За первой связкой Токарь — Жемчужников потянулась и наша с Николаем Лавренко. Утомительная работа требует отдыха, а на крутой восьмидесятиградусной стене площадок нет, и приходится, стоя, висеть на капроновой лесенке или петельке, продетой в карабин. Запасы «металла» у нас ограничены. Поэтому забитые крюки приходится вытаскивать. Если первому бывает тяжело прокладывать «стальную» дорожку, то не легче приходится замыкающему, которому достается труд расчищать ее. Легко сказать, вынуть с такой тщательностью забитый крюк. Операция эта не обходится без курьезов. Однажды для Андрея Жемчужникова она едва не окончилась трагически. Было это так. С трудом расшатанный им крюк долго не поддавался, потом неожиданно легко выскочил из гнезда, но из-за этой-то неожиданности Андрей потерял равновесие, сорвался и повис над пропастью. Только чудом удержал он слетевший с его плеч рюкзак, потеря которого была бы общим нашим бедствием. Пришлось повозиться, прежде чем Андрей стал на ноги и снова надел свой рюкзак.

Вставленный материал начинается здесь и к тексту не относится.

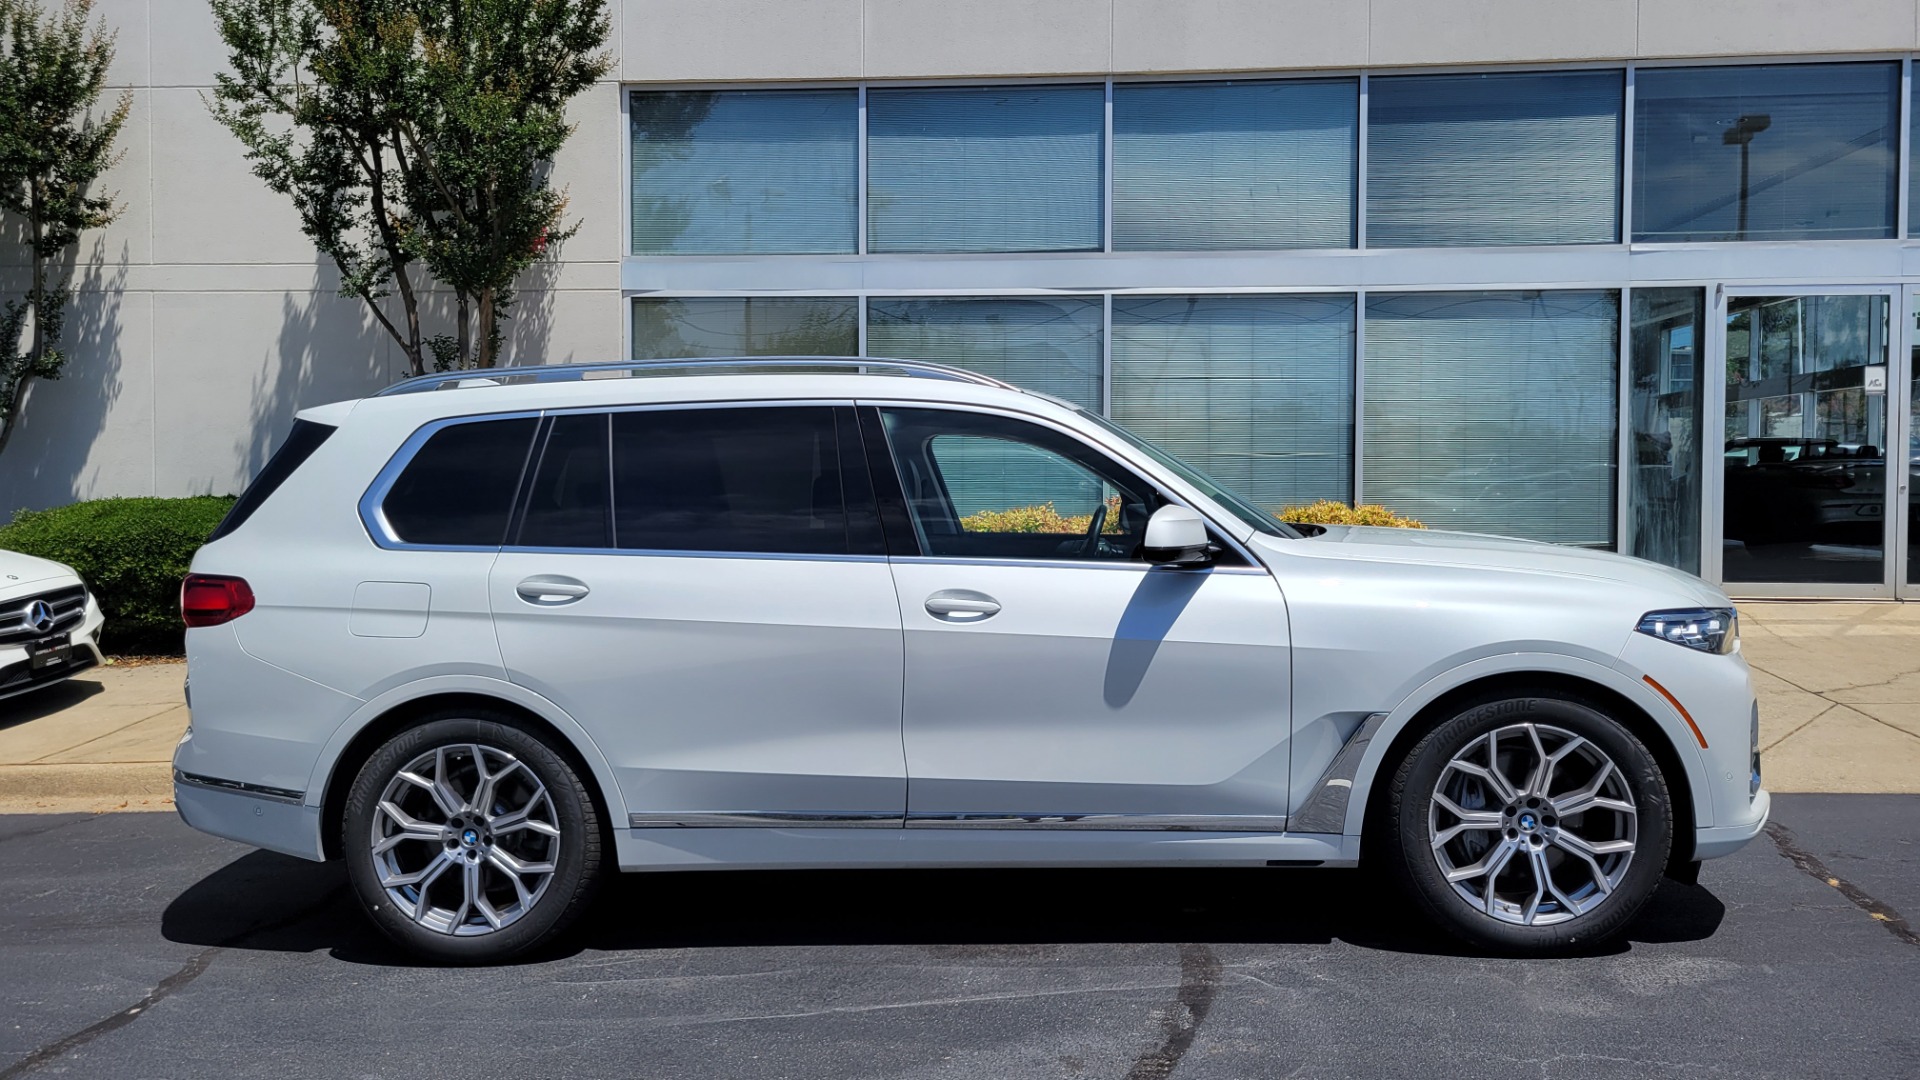 Used 2019 BMW X7 XDRIVE40I PREMIUM / NAV / HUD / PARK ASST PLUS / REMOTE START / 3D VIEW for sale $68,995 at Formula Imports in Charlotte NC 28227 6

День был на исходе, но итоги его ничем не порадовали. Наступившая ночь застала нас на самой середине стены. Мы с Николаем Андреевичем, не снимая ботинок, кое-как натянули на себя спальные мешки, соорудили из веревок нечто похожее на гамак и притихли. Михаил и Андрей долго еще возились, наконец, привязавшись, полулегли на шатком уступике. Тут же рядом висели наши ледорубы, весь запас «металла» и кухонный инвентарь, воспользоваться которым здесь не представилась возможность. И не только из-за неудобств, а из-за отсутствия воды. Никто из нас еще с утра не имел ни капли во рту. И теперь к трудностям добавилась жажда, она была изнурительнее холодного, пронизывающего ветра, беспокоившего нас непрерывно. Все можно преодолеть, но как бороться с жаждой!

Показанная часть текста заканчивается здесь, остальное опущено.